TASK DIRECTIONS -> Starting with the line that has "Image of Red-sided Curly-tailed Lizard" in the records below and stopping after the line that has "Does minecraft for", output every line exactly and nothing else; skip pictures.

*** Opening DATA SECTION ***

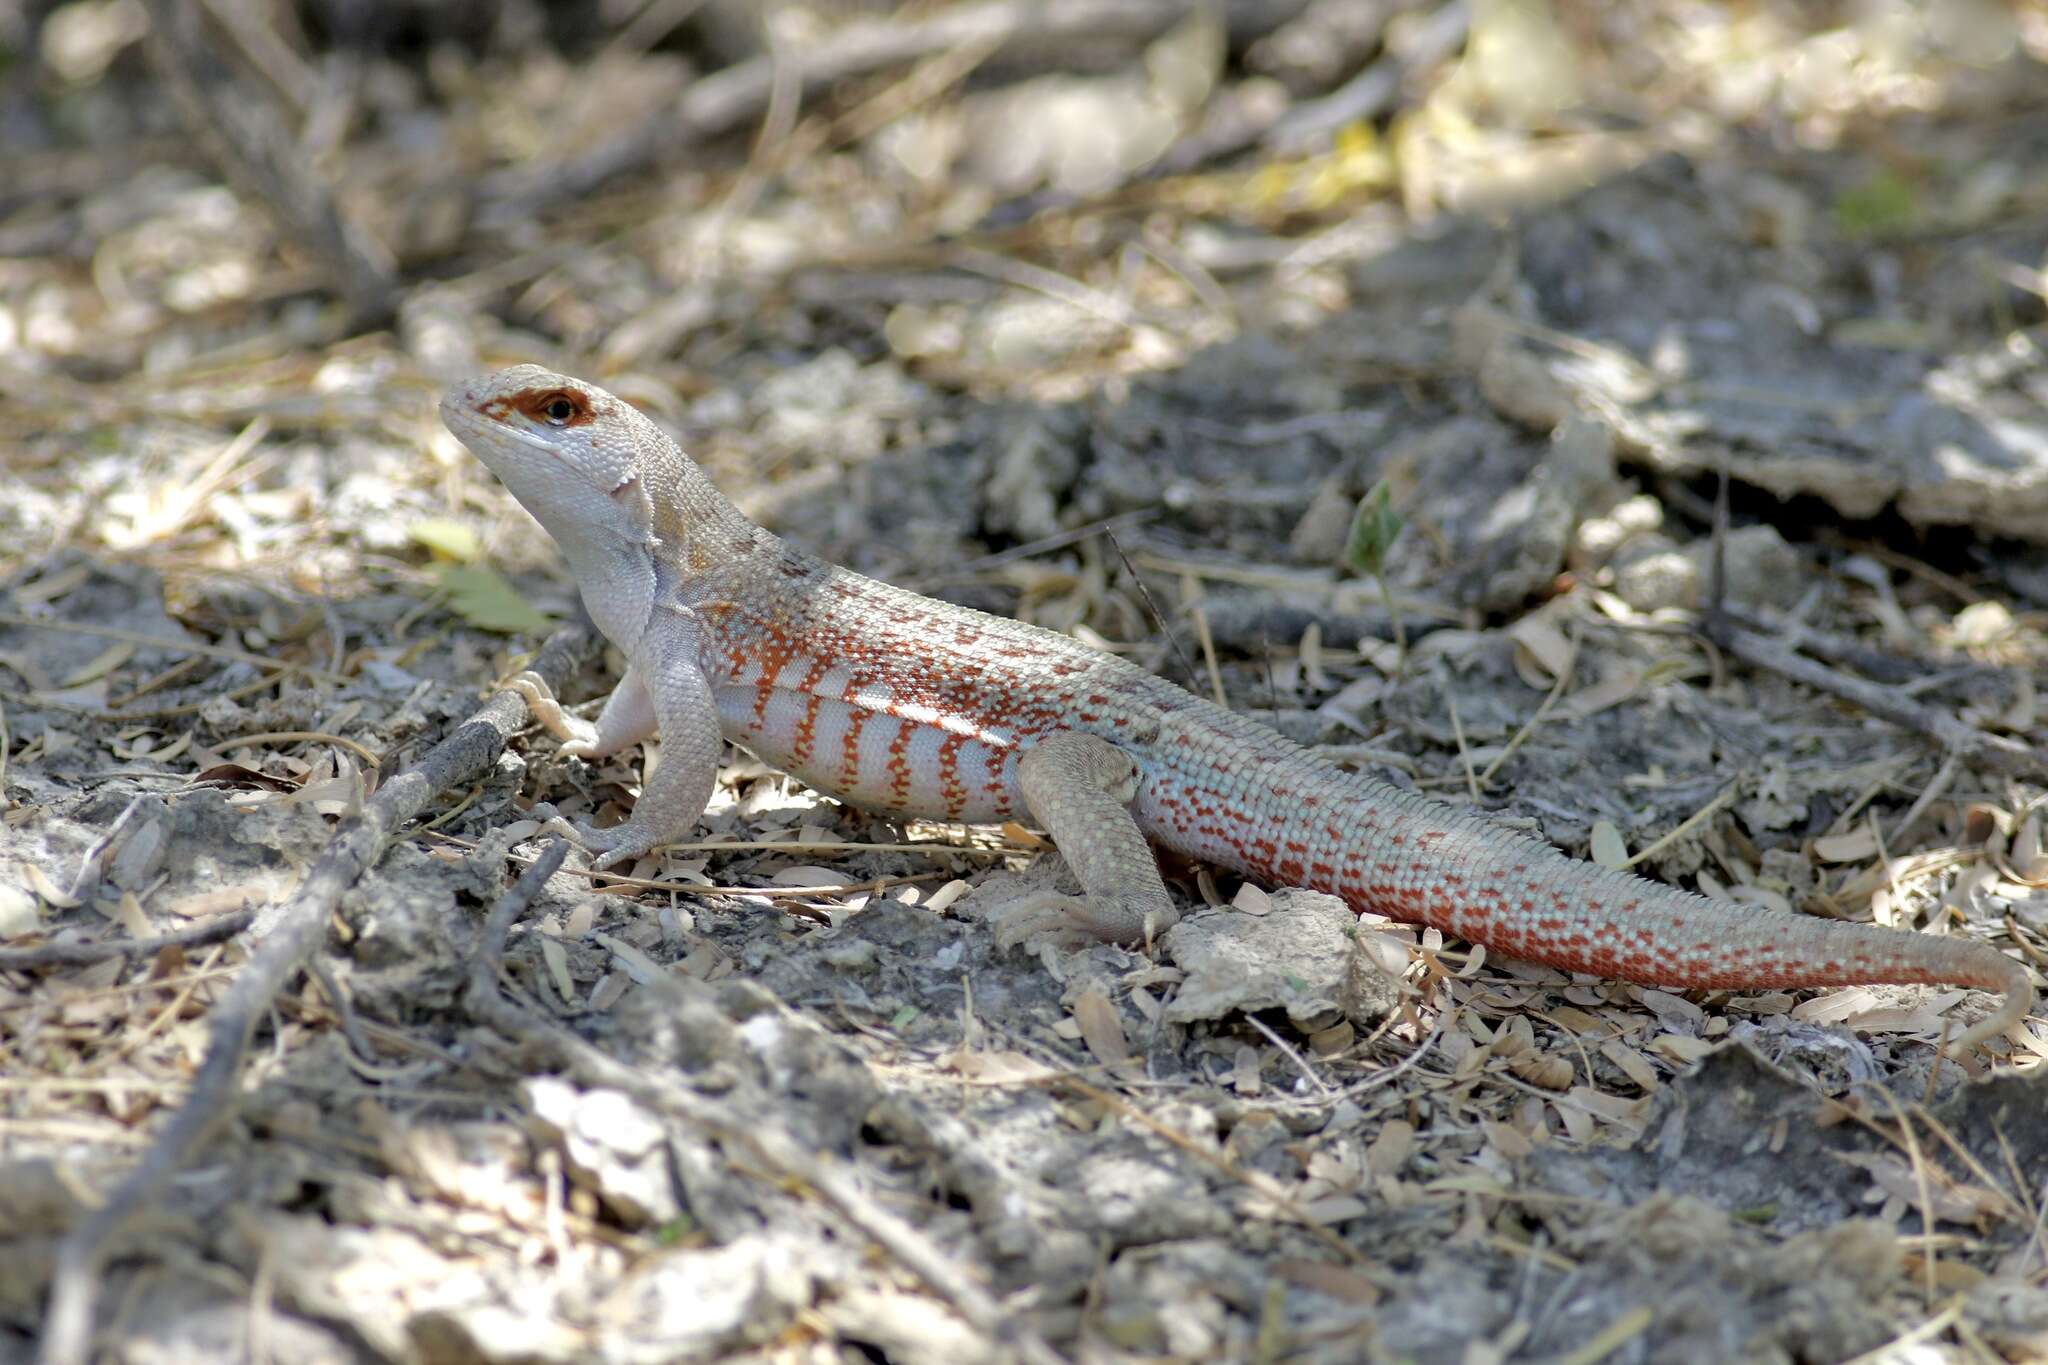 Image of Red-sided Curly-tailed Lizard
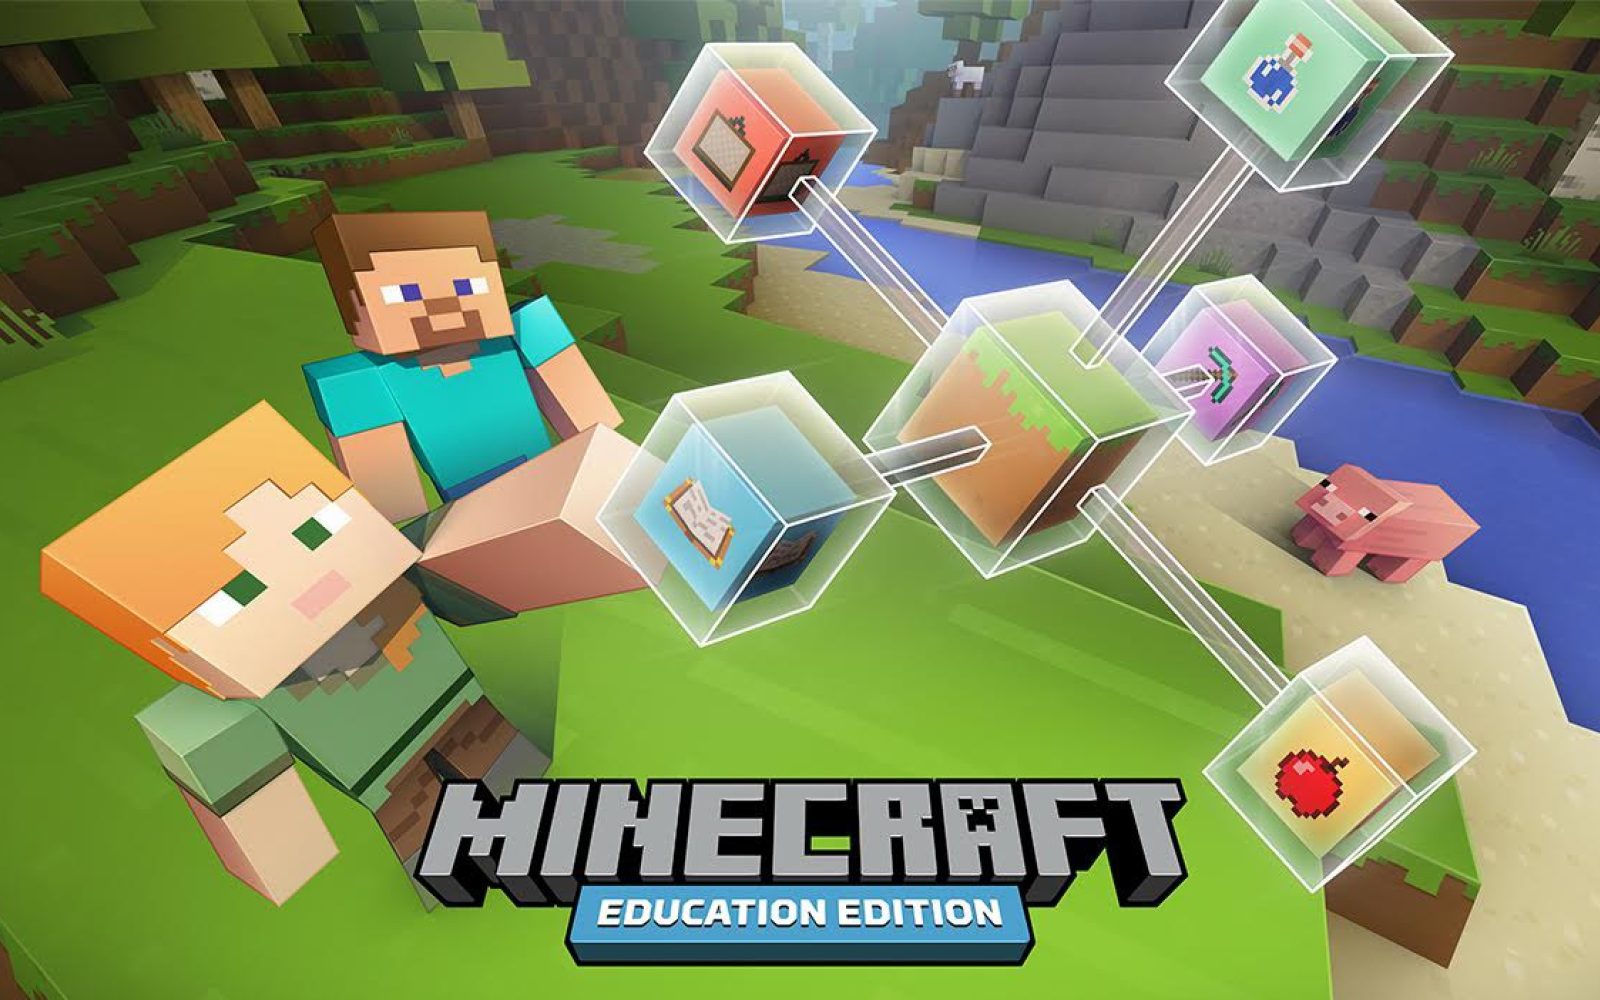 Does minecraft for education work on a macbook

*** Closing DATA SECTION ***
*** Opening DATA SECTION ***

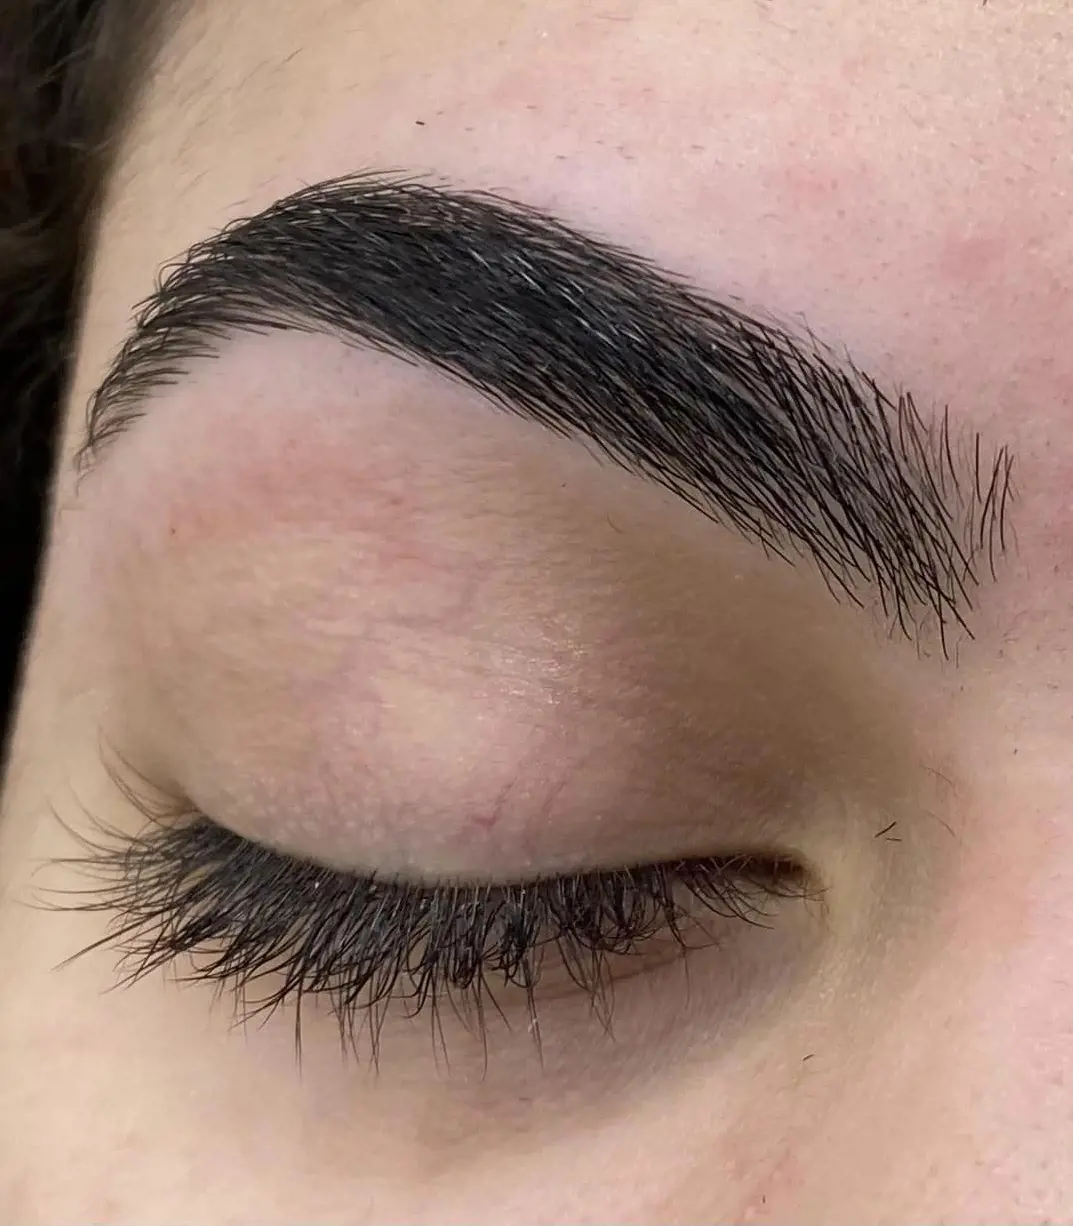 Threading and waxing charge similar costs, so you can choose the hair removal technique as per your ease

*** Closing DATA SECTION ***
*** Opening DATA SECTION ***

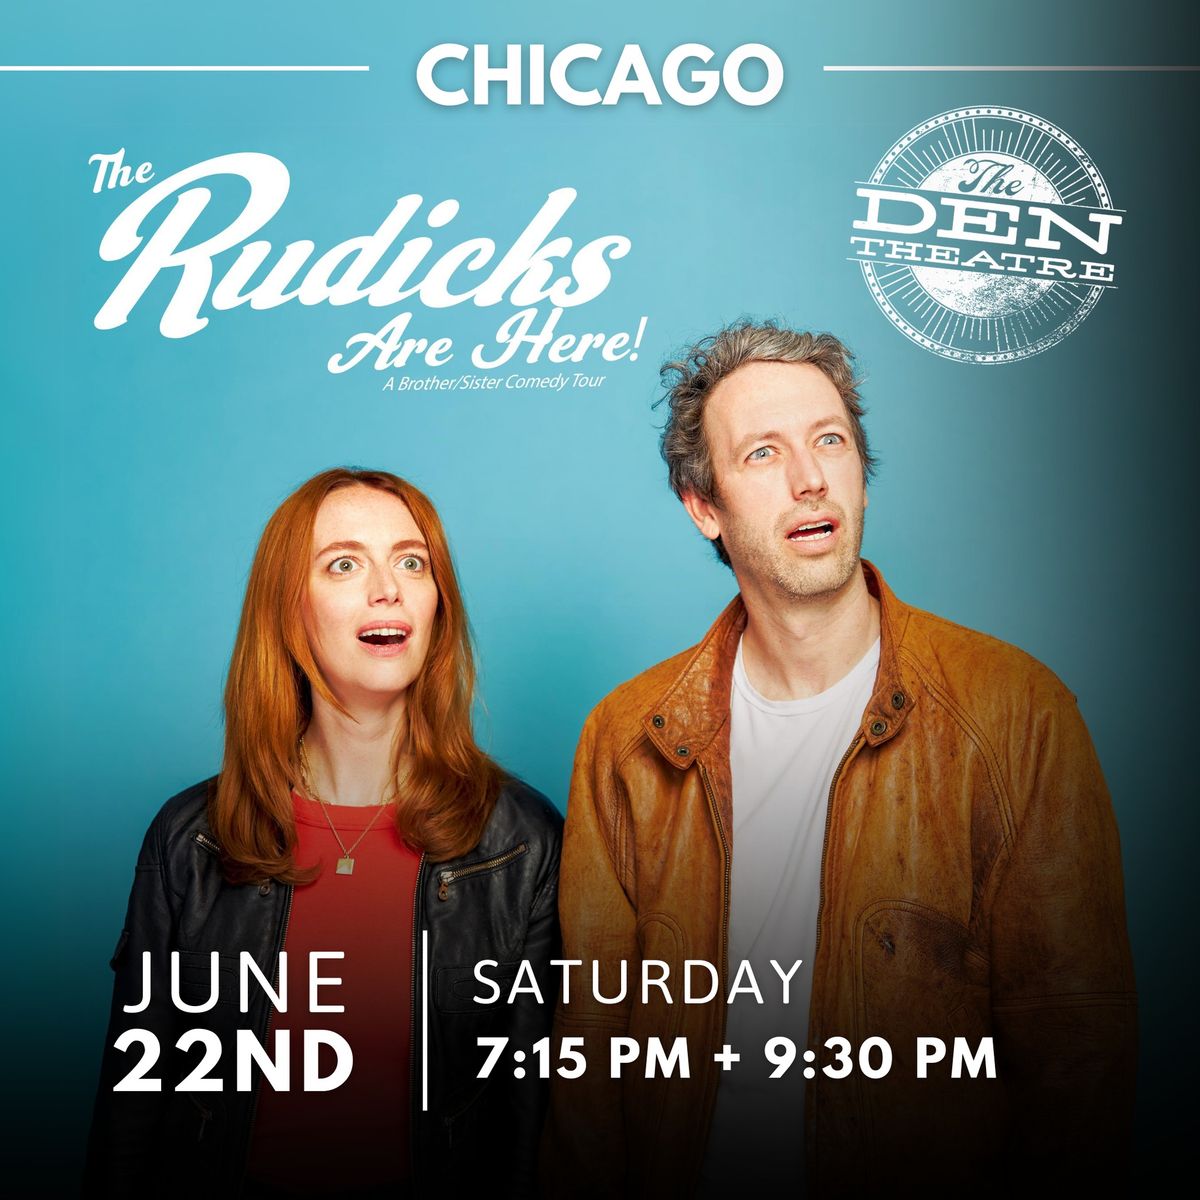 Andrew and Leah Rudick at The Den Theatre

*** Closing DATA SECTION ***

RESULT OF THIS EXERCISE ->
 Image of Red-sided Curly-tailed Lizard
 Does minecraft for education work on a macbook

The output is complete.